■ Work required ■
Leaving the pictures aside, transcribe every line below exactly.
==== Stored data ====
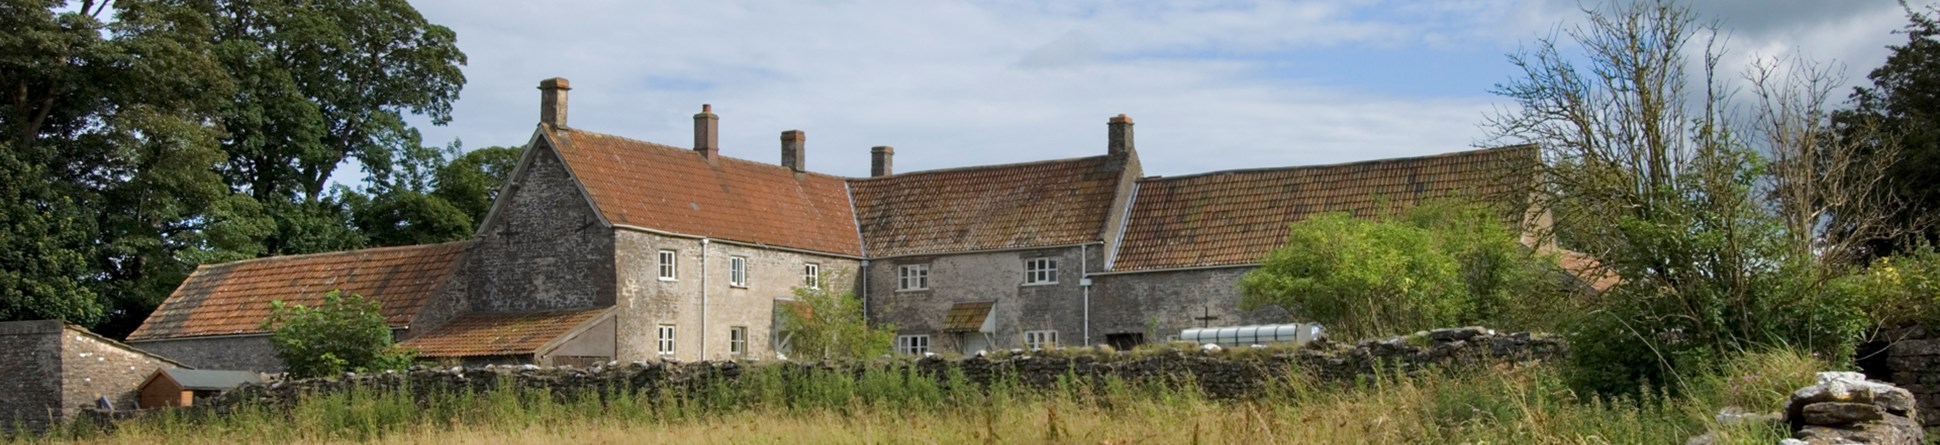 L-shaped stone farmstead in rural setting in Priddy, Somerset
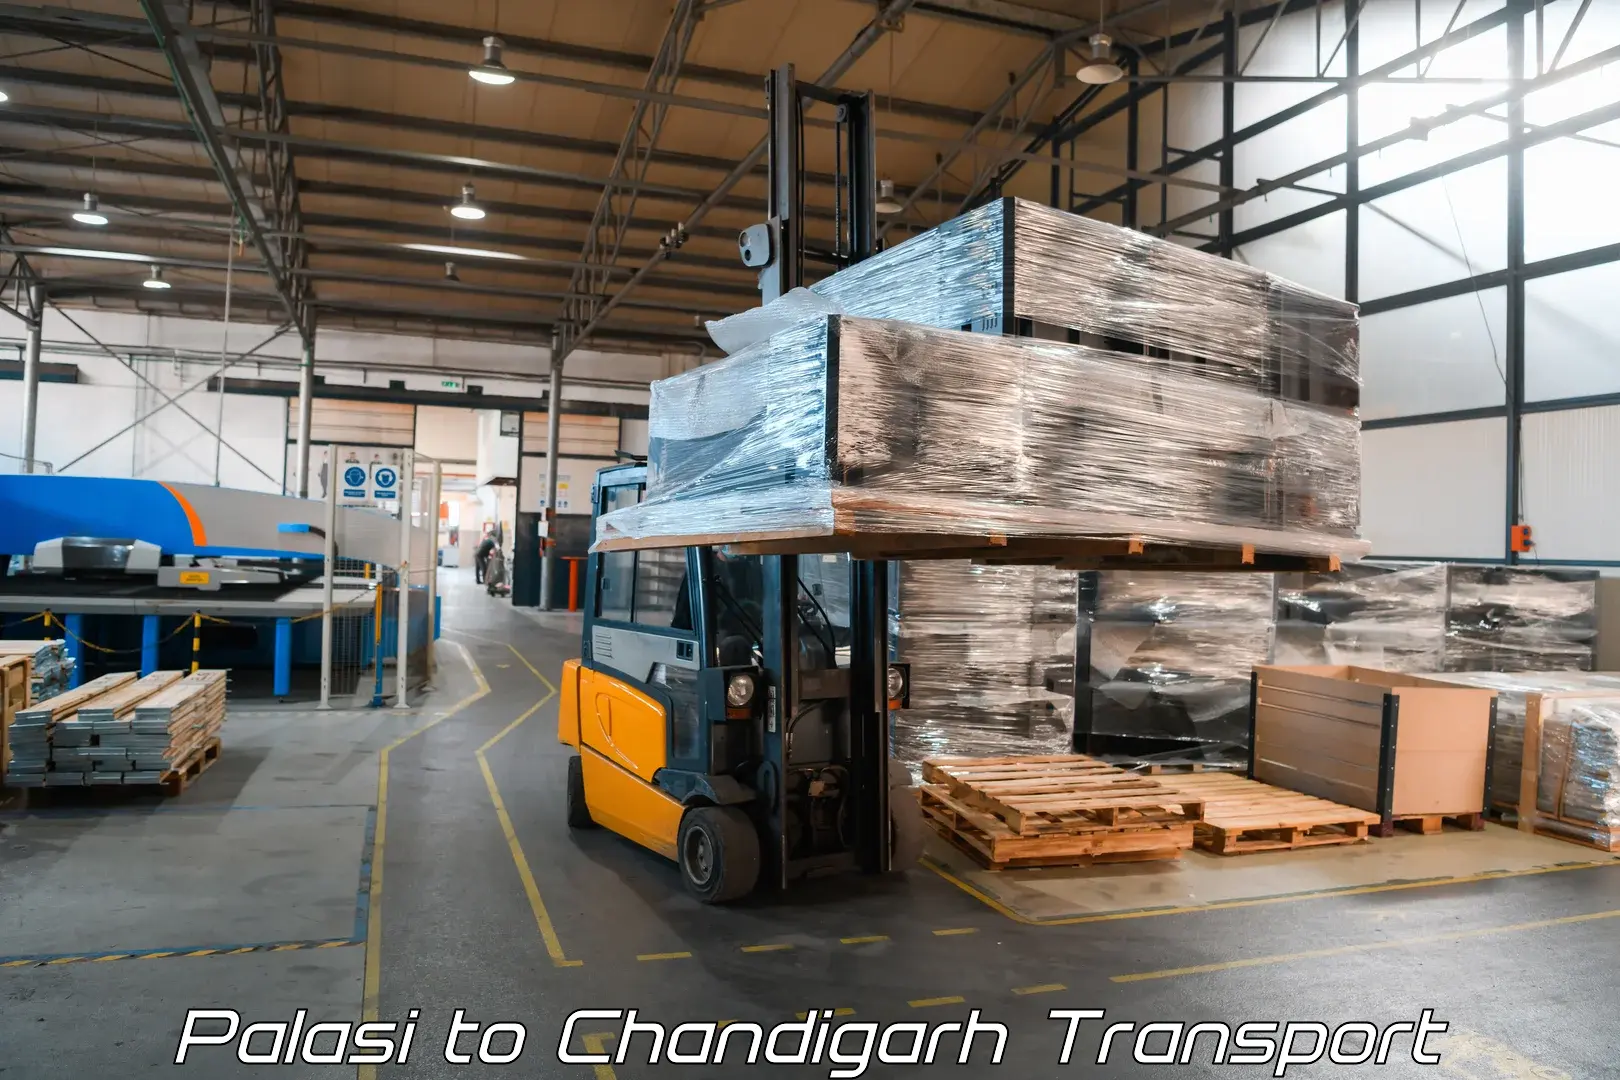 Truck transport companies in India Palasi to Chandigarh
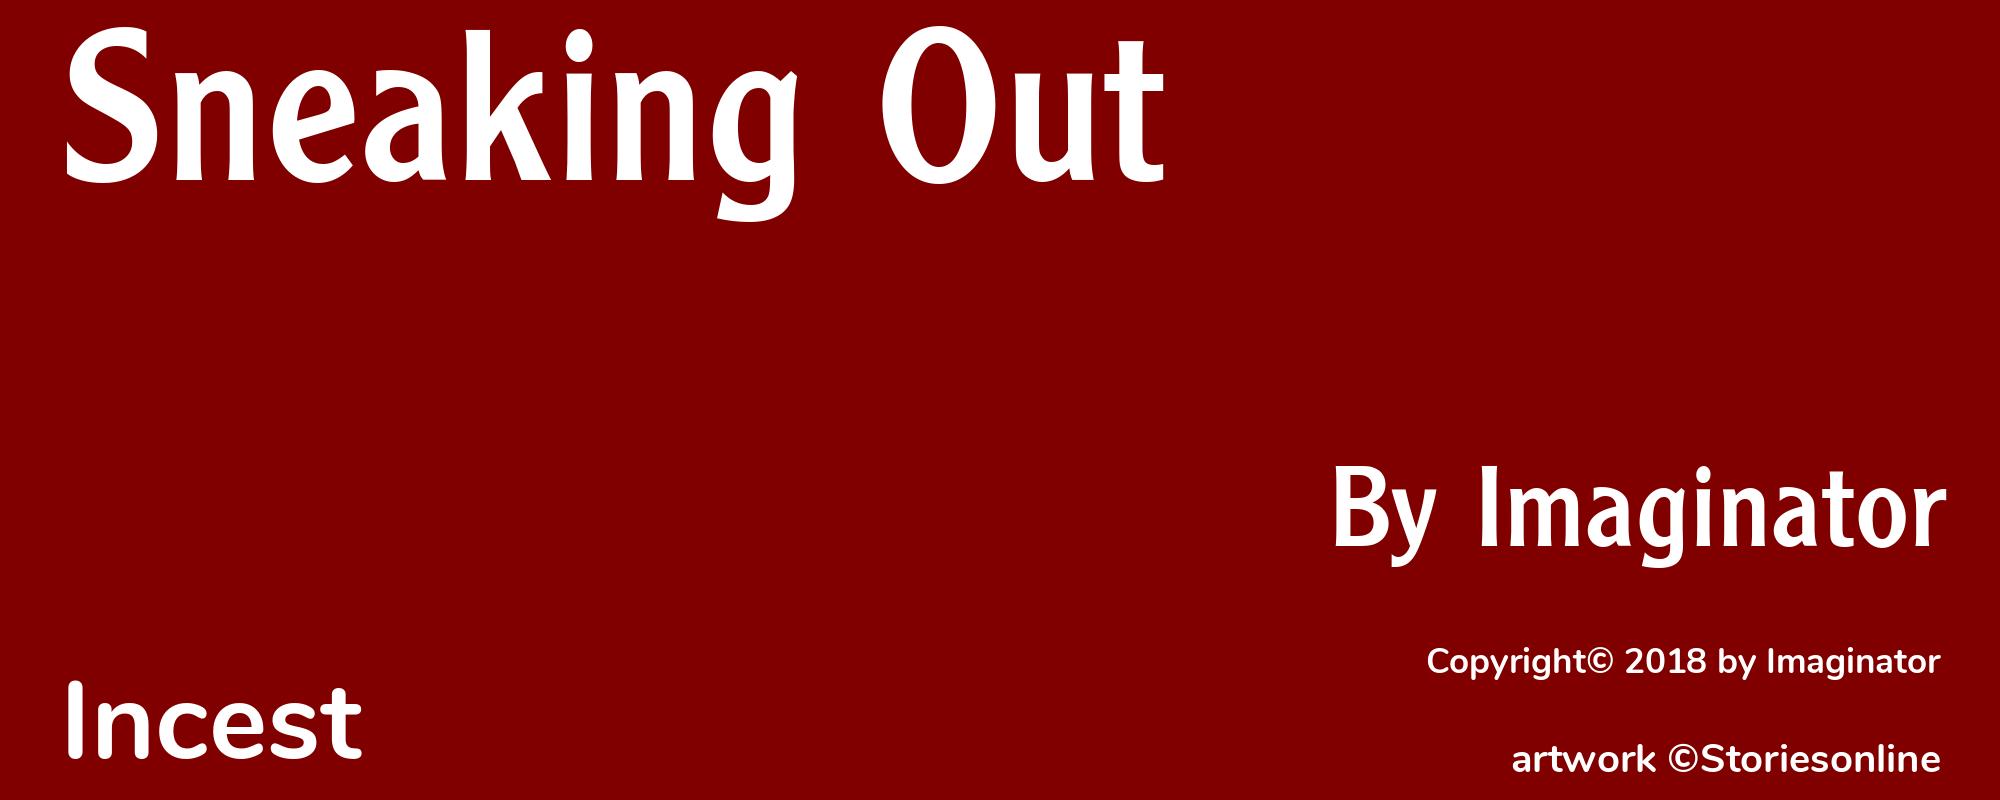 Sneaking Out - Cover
====
■ Result ■
 L-shaped stone farmstead in rural setting in Priddy, Somerset
 Truck transport companies in India Palasi to Chandigarh
 Sneaking Out - Cover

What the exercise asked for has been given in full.